Сколько вообще прошло времени?

– Нет, – улыбнулся Попутчик. – Нет конечно. Просто я часто здесь работаю и немного дополнил стандартную аптечку. Мало ли что. Слухи о моей неосторожности сильно преувеличены.

Потерянная мысль наконец оформилась, и осознание прокатилось по телу парализующей волной. Взгляд вернулся к лекарствам и остановился на них, не в силах подняться.

«Этой пока половину. Должно хватить».

Во втором блистере осталось три таблетки. Из десяти.

Ничего нового. Он всё рассказал с самого начала. Но знать – одно, а видеть ситуацию во всей её полноте, чувствовать собственной кожей – совсем другое.
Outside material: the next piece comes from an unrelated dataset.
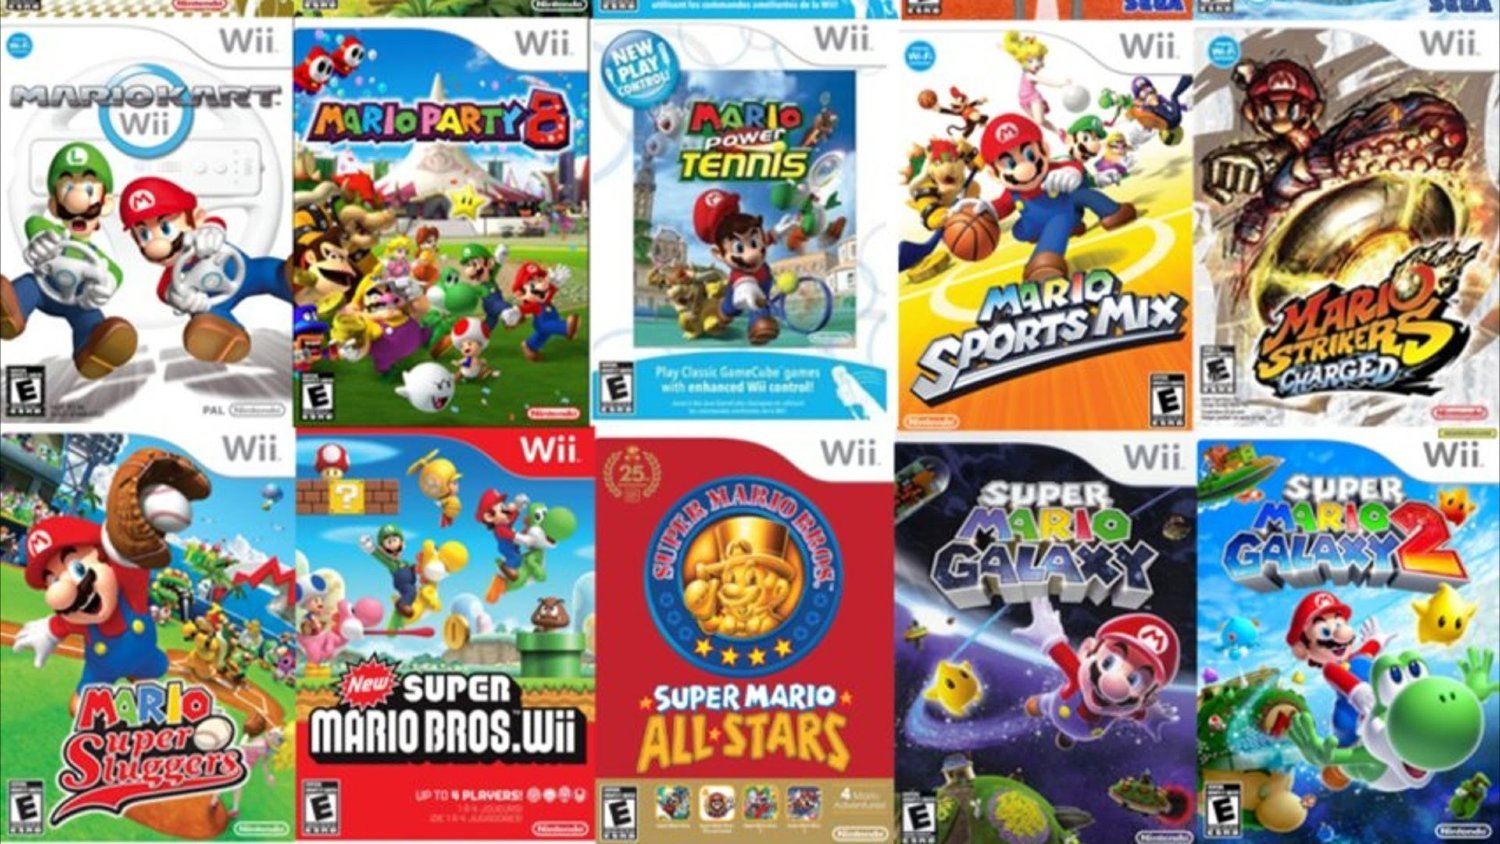 Wii game download. Wii игры. Нинтендо Wii игры. Марио игра на Wii. Nintendo Wii диски.

Мэй посмотрела на Попутчика, и вопрос застрял у неё в горле, сбив дыхание.

– Что? Я могу опять влезть в твои эмоции, но давай лучше словами. Зря, что ли, я барьеры восстанавливал?

В ожидании её ответа он смахнул таблетки со стола, поднялся, небрежно закинул их в ящик.
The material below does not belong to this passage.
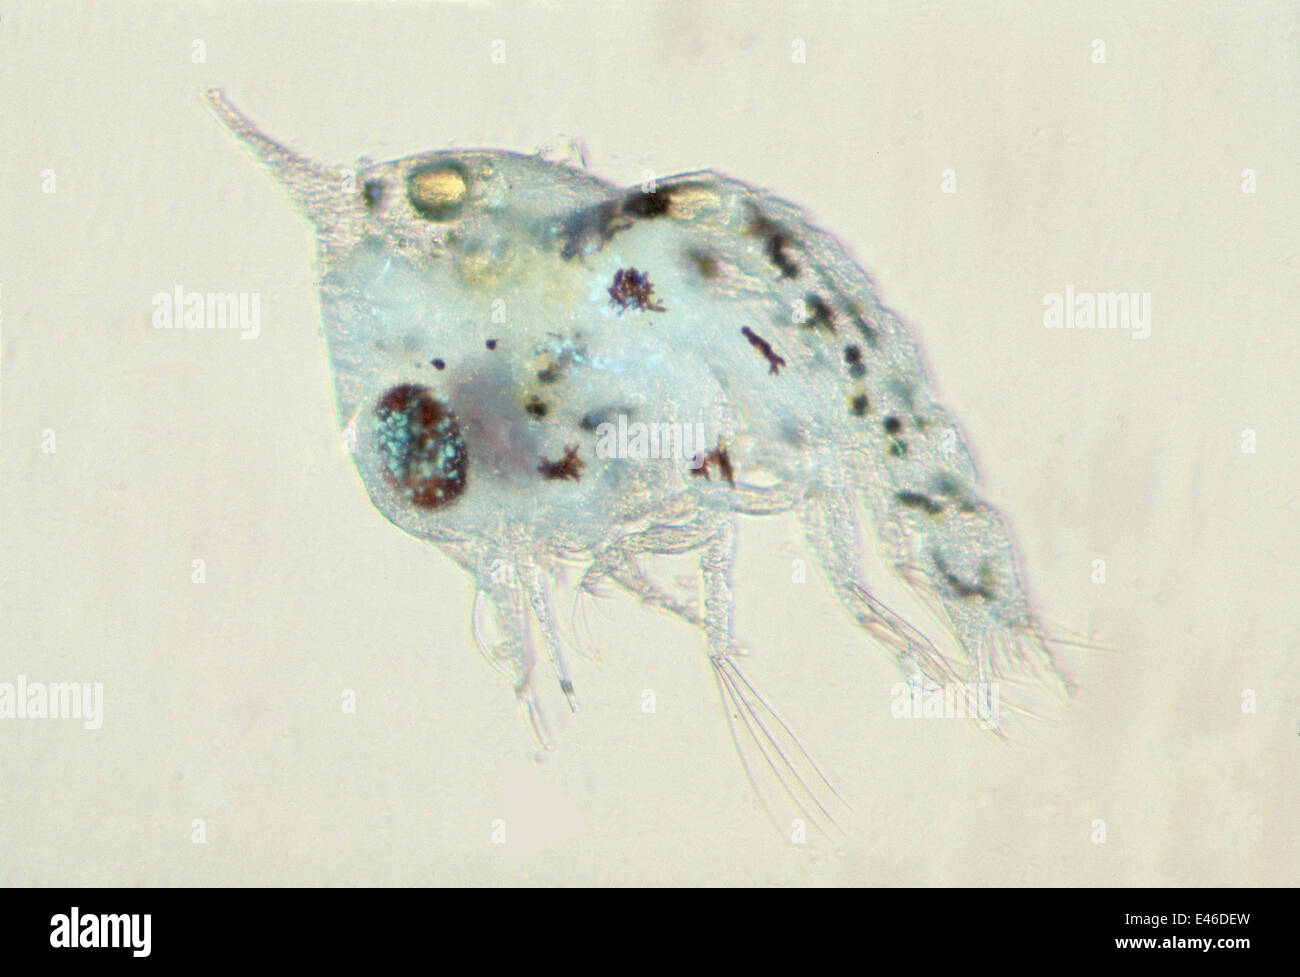 Le plancton. Zoé de crabe. Larve de crabe de la reproduction. L'Australie Queenscliff Banque D'Images

– Как? – Горло перехватило, и ей пришлось ещё раз судорожно вдохнуть, прежде чем договорить. – Как ты с этим справляешься?

– Технически? Ставлю защиту вручную. Это не так сложно – вопрос привычки. – Попутчик улыбался настолько лучезарно, что Мэй не сомневалась: её участие заставляет его чувствовать себя неуютно. – На самом деле это даже удобно. Мне проще работать с артефактами. Да и с полями, если понадобится. Ну и не думай, что сегодняшние выкрутасы – это моё нормальное состояние. Когда барьеры не сбоят, я почти не воспринимаю чужие поля, если мне это не нужно. Я, кстати, не поблагодарил. Спасибо. Не думал, что это настолько эффективно. Хотя ты всё-таки будь поосторожней. Такие манипуляции со своим полем лучше кому попало не доверять.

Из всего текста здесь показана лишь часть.